▶ **Recorded data**:
..........

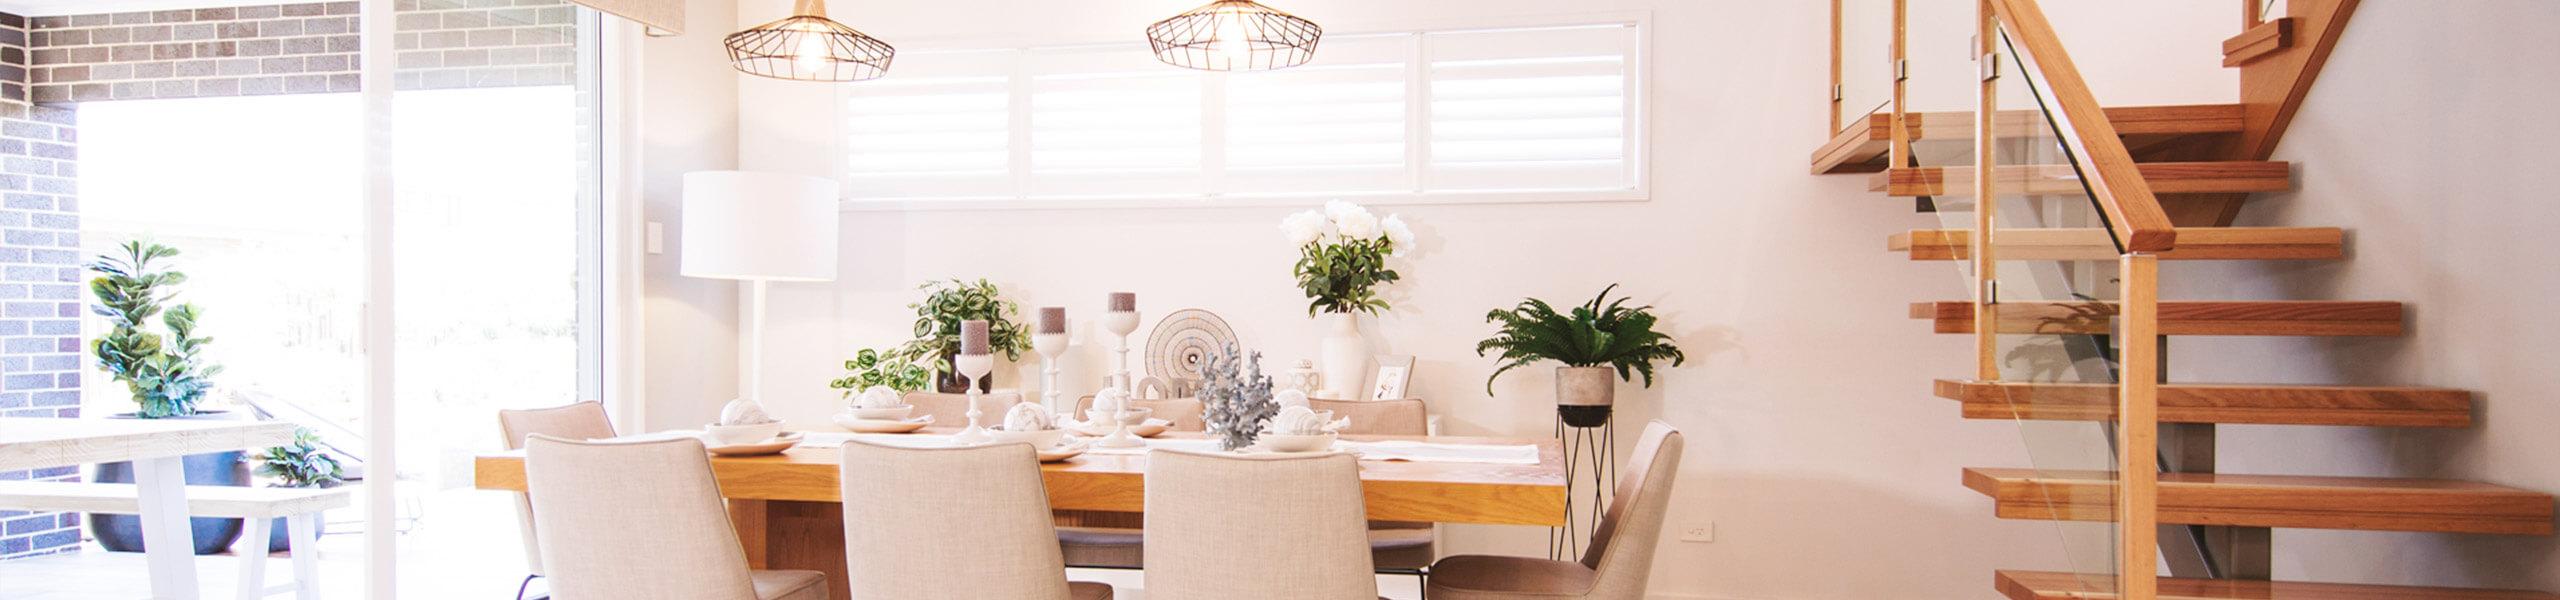 interior designers insideoutside-design dining
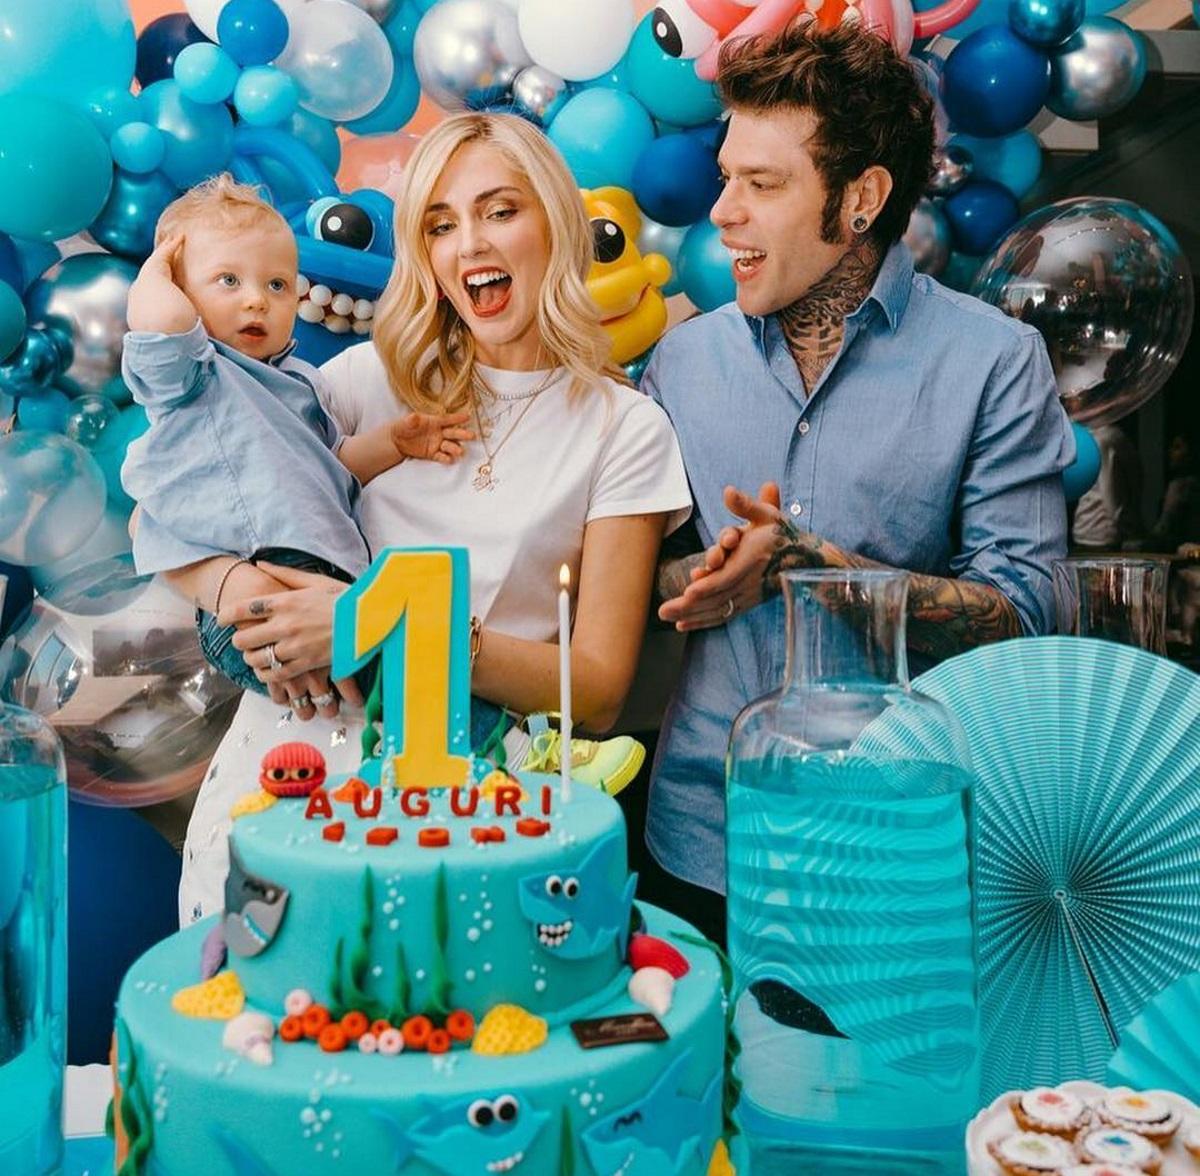 Chiara Ferragni: Πάρτι-υπερπαραγωγή για τα πρώτα γενέθλια του γιου της! Φωτογραφίες
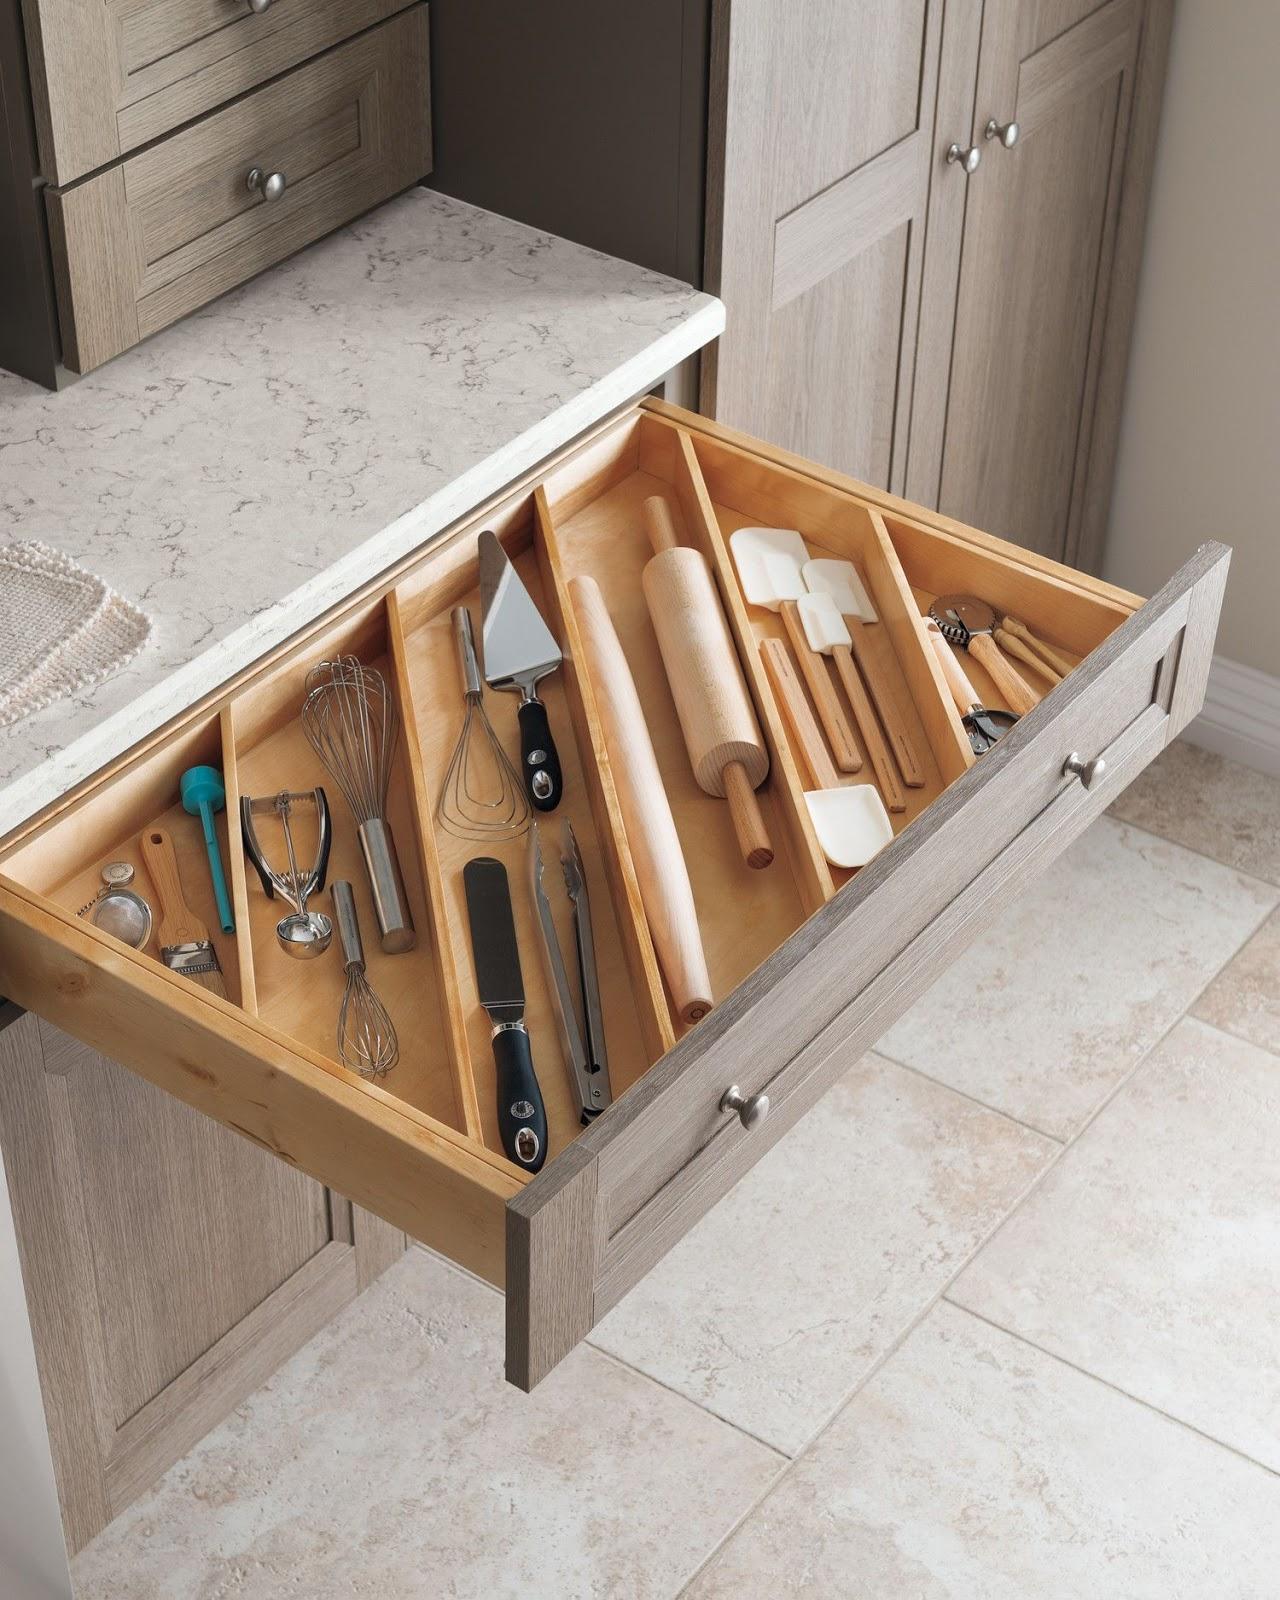 Adorable Kitchen Organization Idea

..........

Write out again every line above exactly as given; the pictures do not belong in the copy.

 interior designers insideoutside-design dining
 Chiara Ferragni: Πάρτι-υπερπαραγωγή για τα πρώτα γενέθλια του γιου της! Φωτογραφίες
 Adorable Kitchen Organization Idea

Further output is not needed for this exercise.